Ansonsten ist das ein strategischer Entscheid von VW. Der wird nicht einfach so wieder gestoppt…. die Zukunft des Konzerns hängt davon ab.
Niklas meint
Doch, da habe ich meinerseits keine Bedenken. Pläne mit solcher Tragweite können sie nicht einfach ohne erheblich wichtigen Grund absagen, da würden sie sonst auch ihre Shareholder übel verprellen.
Die Verzögerung beim e-tron hat meines Wissens mit Nachbesserungen an der Software zutun. Die werden sich schon beeilen, denn der Verzug kostet die ja auch einen Haufen Geld.
Simon meint
Verzug? Die kommen vier Wochen später, werden aber ohne Verzögerung schon produziert.
hu.ms meint
Naja, es gibt einen amerikanischer BEV-Hersteller, der ein modell seit 15 monaten baut und davon noch kein fahrzeug nach europa ausgeliefert hat.
Dann schauen wir mal wie lange es bei Audi dauert.

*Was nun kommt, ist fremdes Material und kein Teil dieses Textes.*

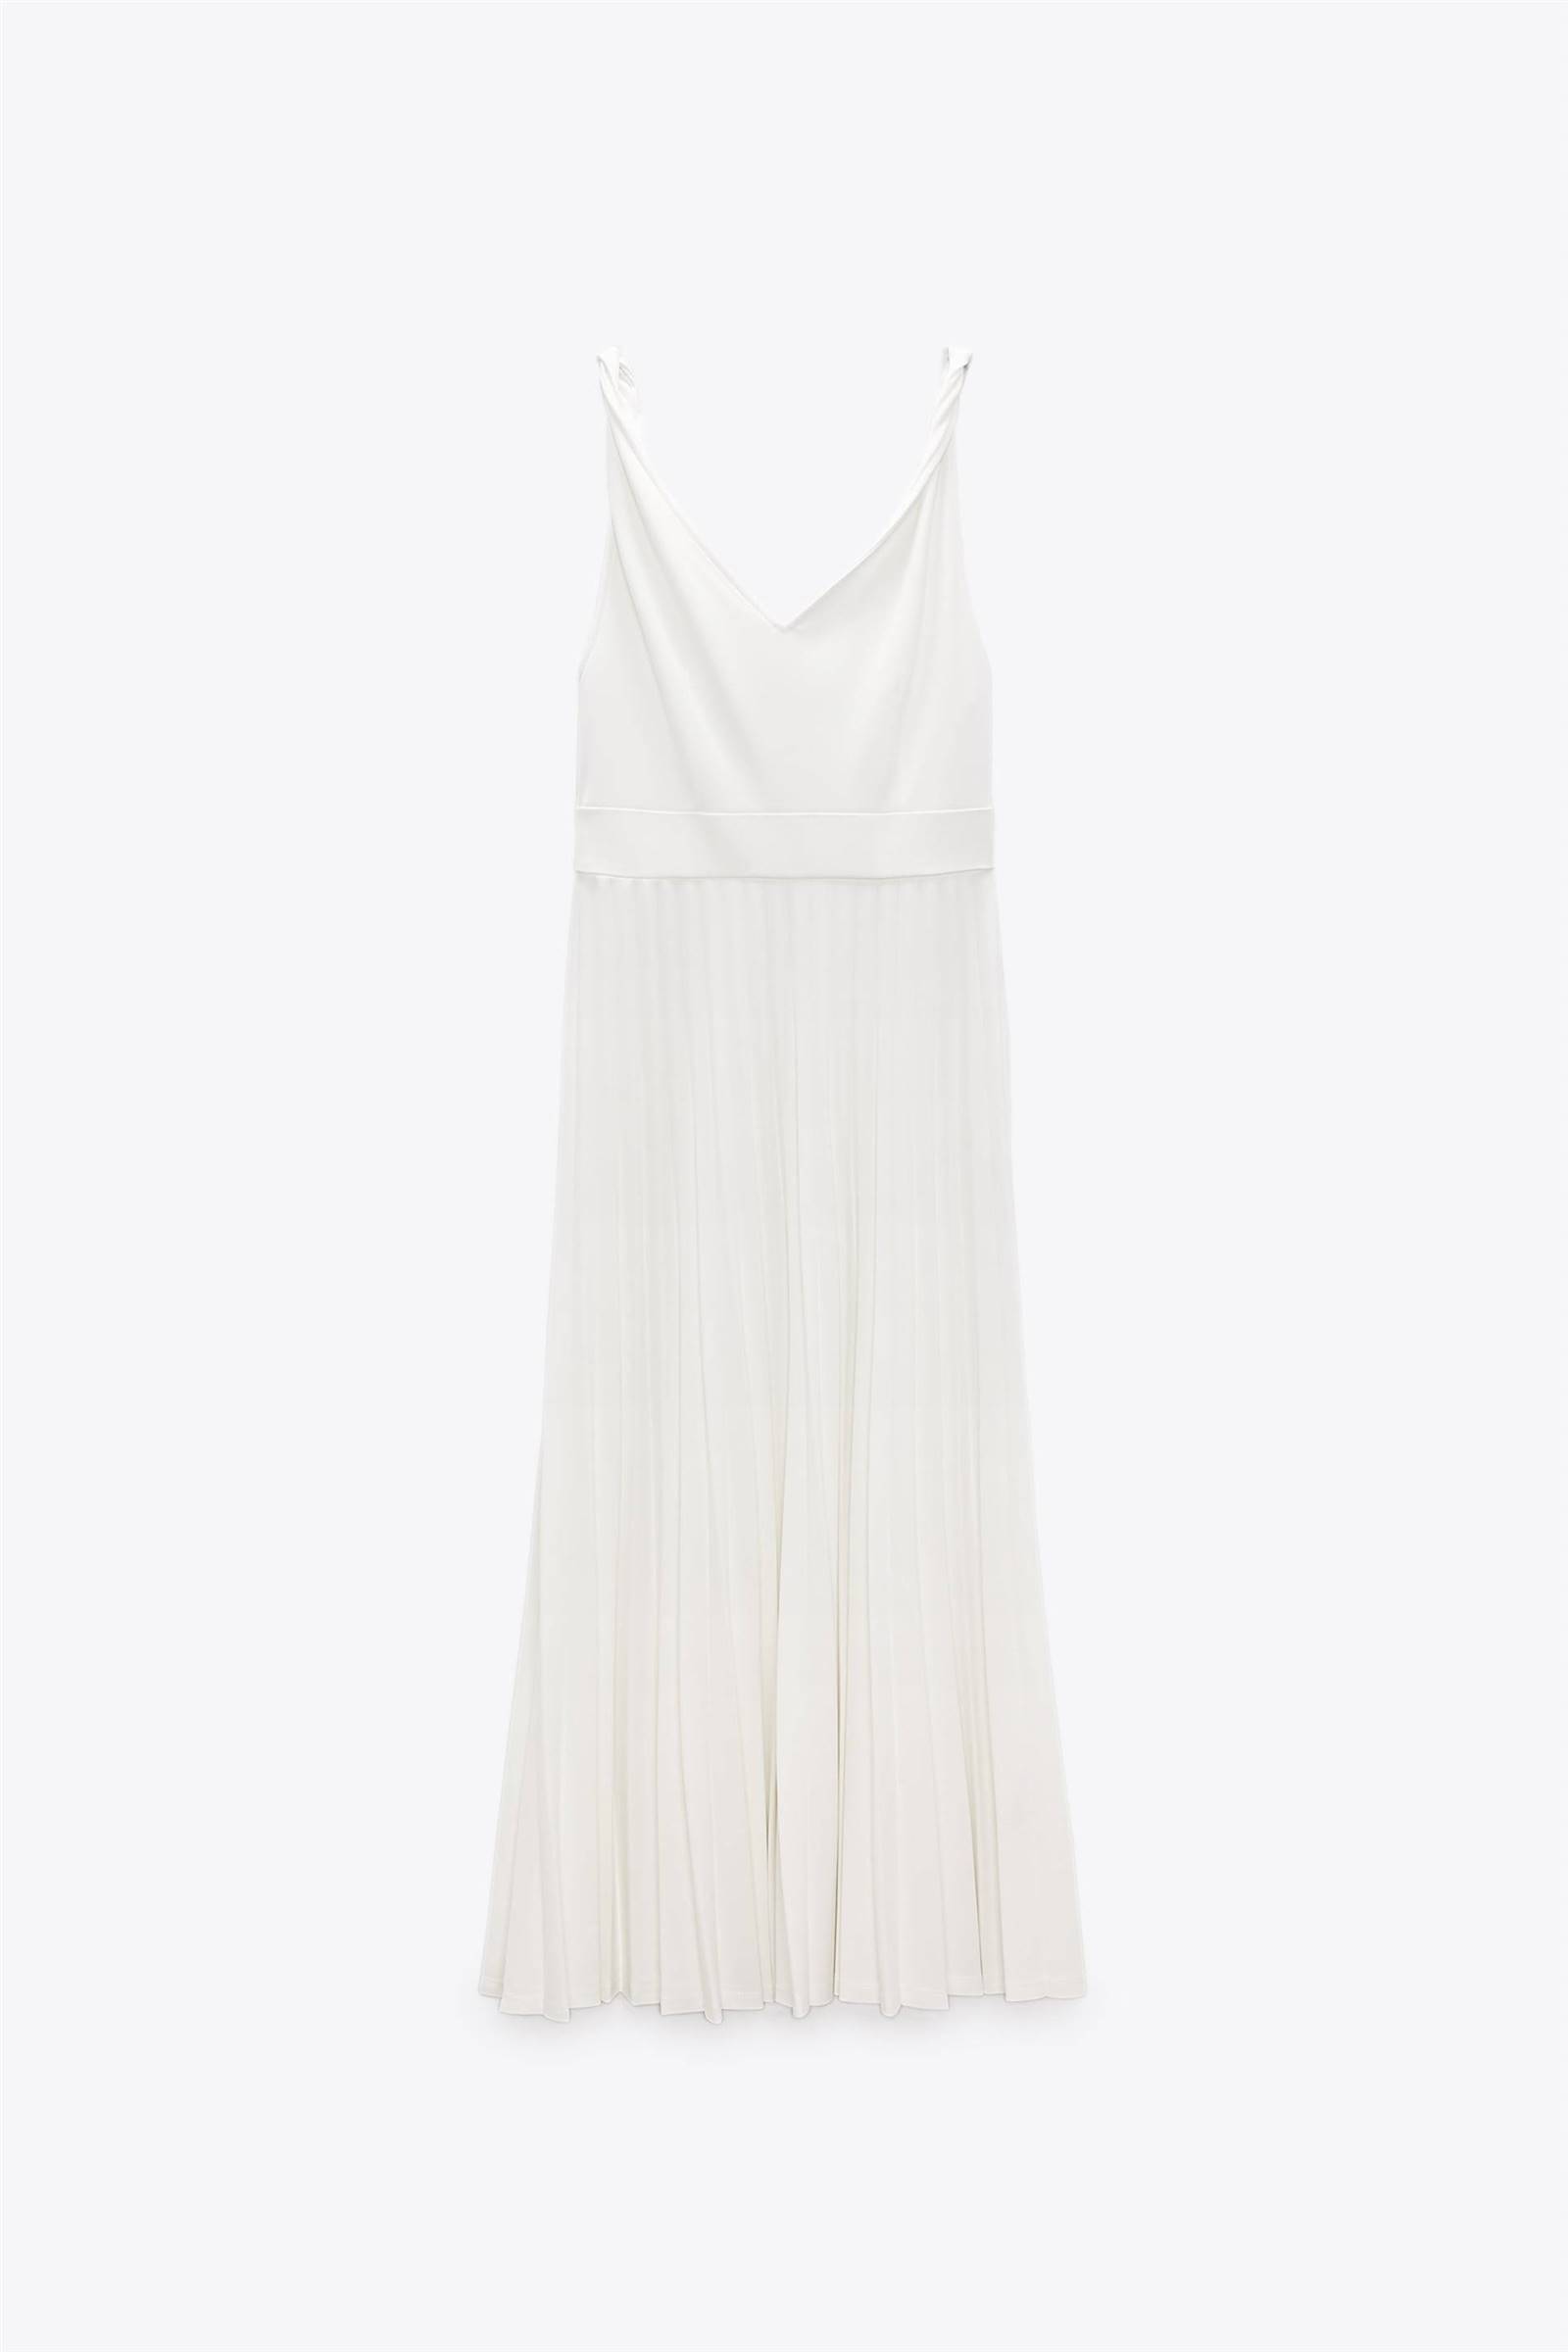 Vestido blanco plisado de Zara

Vielleicht ja auch 15 monate.
Ernesto 2 meint
Ende 2019 heißt erste Fahrzeuge für China und USA sowie Norwegen bis April Mai lieferbar. Deutschland dann Ende 2019 mit den Margenhaltigen teueren Versionen ab 40.000 Euro. Günstige Ausführungen sicher nicht vor Ende 2021, alles andere wäre Betriebswirtschaftlich nicht sinnvoll.
wosch meint
WIE OFT NOCH?
Die Autos für China werden in China gebaut, USA kommt deutlich später dran und der deutsche E-Auto-Markt überflügelt bereits nächstes Jahr Norwegen von den Stückzahlen.
Das ist also mal wieder völlig Inhaltsloses VW-Bashing.
Swissli meint
China: Importzölle. „Einheimische“ Produzenten werden gefördert. Deshalb plant Tesla auch eine Gigafactory in China und wird kein VW E-Auto von Zwickau nach China exportiert.
Norwegen: hängt ganz von den Staatszuschüssen/Privilegien ab. Ab 2020 gilt auch für E-Autos die volle Kfz-Steuer. Zudem ist schon jeder 2. Neuwagen E-Auto/Hybrid – da muss man eigentlich nichts mehr fördern.
USA: die Amerikaner greifen wohl eher zum Tesla Model 3/Y als zum VW Neo. Zudem Importzölle.
agdejager meint
Ab Ende 2019 lauft die Produktion erst an. Enttäuschend.
Niklas meint
Schade dass Sie nicht die Verantwortung haben. Dann wären bereits nächste Woche das Auto fertig entwickelt, die Supply Chain aufgebaut, die Fertigungslinien umgestaltet und gerüstet, sämtliche Mitarbeiter geschult, alle Händler mit Informationen und den Autos versorgt und die ersten 10.000 I.D.s ausgeliefert ;-)
Kleiner Scherz. So etwas ist nunmal sehr aufwändig und das alles innerhalb eines Jahres ab jetzt zu bewerkstelligen — ich sage: sportlich.
Swissli meint
Find ich auch. Hier sieht man mal, wie lange es dauert vom Grundsatzentscheid bis zur Umsetzung. Wenn man von der ersten I.D. Ankündigung Frühling 2017 bis Frühling 2020 (beim Händler lieferbar) rechnet, sind es rund 3 Jahre. Auch Tesla ist da nicht wirklich schneller.
Klar, VW wird künftig ein Werk noch etwas schneller auf E-Mobilität umstellen können. Und, wie Niklas schon geschrieben hat, die reine Werksumstellung in einem Jahr ist sportlich! Und VW trau ich den Zeitplan und die versprochene Kapazität zu.
Effendie meint
Und nicht zu vergessen die ganze Vorentwicklung für MEB ist eigentlich schon abgeschlossen. Die Werkzeuge müssen bald geliefert werden um Ende 2019 SOP zu starten.